When your first touch sticks the ball past your own keeper, it’s possibly best that you don’t really speak the language of your teammates. Good old Tommy Hajto. You can’t buy that sort of luck. But with another hack at Spring, and another fine Macca free kick – this one more akin to Shane Warne’s slower arm ball – that sort of luck comes with the territory. From 3-0 with about forty-four and a half of the forty-five minutes still to play, the second half wasn’t ever going to be as incident-packed as the first. We had a number of further chances, the very next one being the most likely to have started us racking up a cricket score, but Marlon’s cross in the six-yard box was on its way behind Darius, and various pedestrian Saints got in the way in any case. We were even able to give them a whole chunk of possession for a little while, as if just to confirm that it was indeed meant to be our day. Finally, but still fleetingly, on fifty-eight minutes Walcott broke free, but was forced out wide, and Foster parried his rising shot with aplomb. Ben made sure it didn’t bounce the wrong way in its way down either (a touch I particularly appreciated, having failed to take similar care in a five-a-side game last week...). And then after Mackay again heroically bossed the argument by blocking Dyer’s first shot, Dyer’s follow-up bicycle kick smacked the crossbar with all the force of an Audley Harrison jab. Still, a let-off, but a well-earned one.

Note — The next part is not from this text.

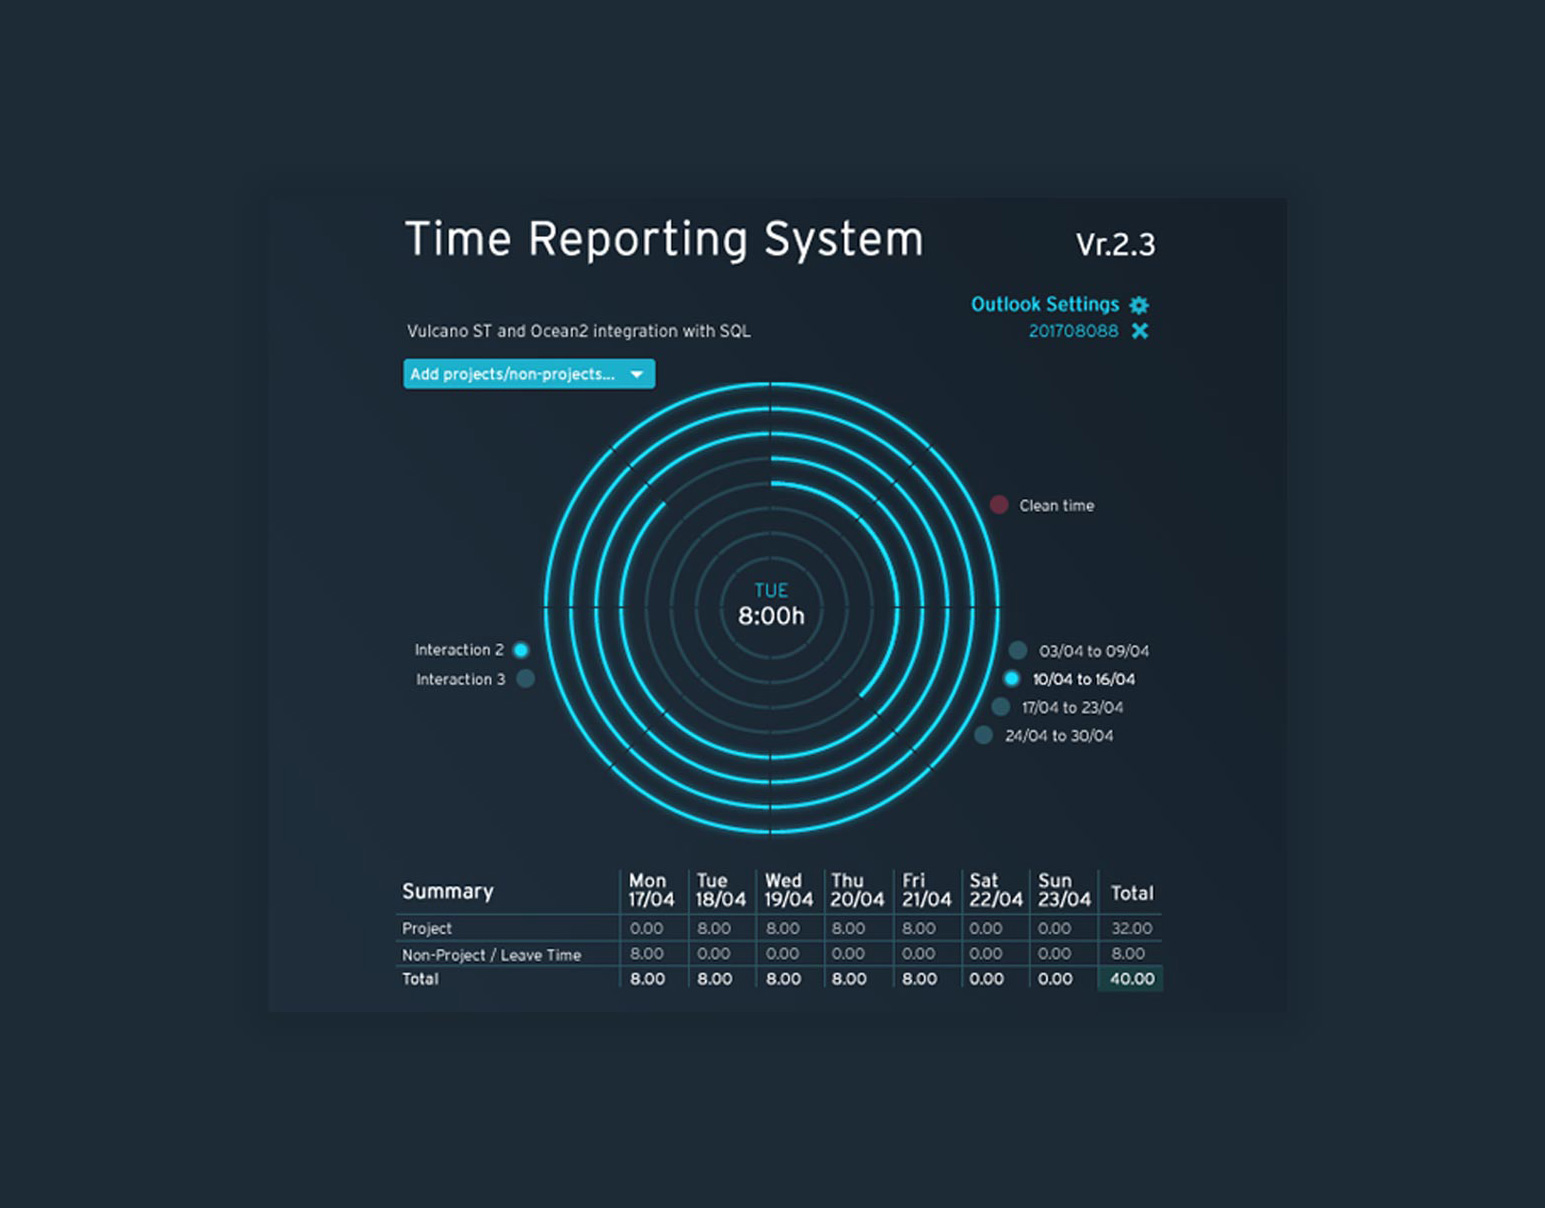 TRS – Time Reporting System

Aidy saw where this could be going, however, and decided Darius needed a rest from his multi-tasking, and a still lively Devlin could stand down too. Reinforcing the midfield with Bangura’s no-nonsense form of defence seemed like a jolly good idea, and Al’s double-figures Shredded Wheat consumption is now plain for all to see. Joel Grant – not quite ready for primetime, I think the phrase goes, but the only naysayer to anything Aidy felt like doing today would have been George Burley, who got into a right tizzy in the technical area over some perceived impediment to one of his players. That was the day in a nutshell – we played them off the park, and then, off the park, we still didn’t let them have anything. Grant had his chances, mainly a header from another Macca cross, and his day will probably come, but from here on in, it was all the boys could do not to showboat themselves to death. The Macca Show, well, I’d pay to see that. Twice, probably. The Macca Show starring Matthew Spring as Macca – unlikely to sell out. Springy had two great runs from his natural home all the way to the edge of the box. But visions of walking the ball into the net clearly distracted him from doing the right thing. Hence the score remained at a stubborn three up, and we were denied the sort of result to add to our famous League Cup hatfuls over the Saints.

The best of the rest? Probably the chants aimed at Sir Clive, one of which even got the away fans clapping. (Does George know what he’s got himself into?) Even Aidy broke with alleged tradition and gave us the wave we beseeched him for. It was altogether a very festive outing. Overall, in the grander scheme of things, if you must have your dose of perspective, it possibly isn’t something to dine out on, and hopefully this can soon be a week in, week out thing. It’s just really good football, and sure, your opponents must, to some extent, allow you to play it, which they won’t every week. But I can’t think of many other caveats, and that’s what makes today’s game something of a turning point, where glimpses of a less stressful life as a Hornets fan begin to feel like they might, just might, be turning into (whisper it) the norm. For a little while, at least. It’s still exciting. But the butterflies are gone.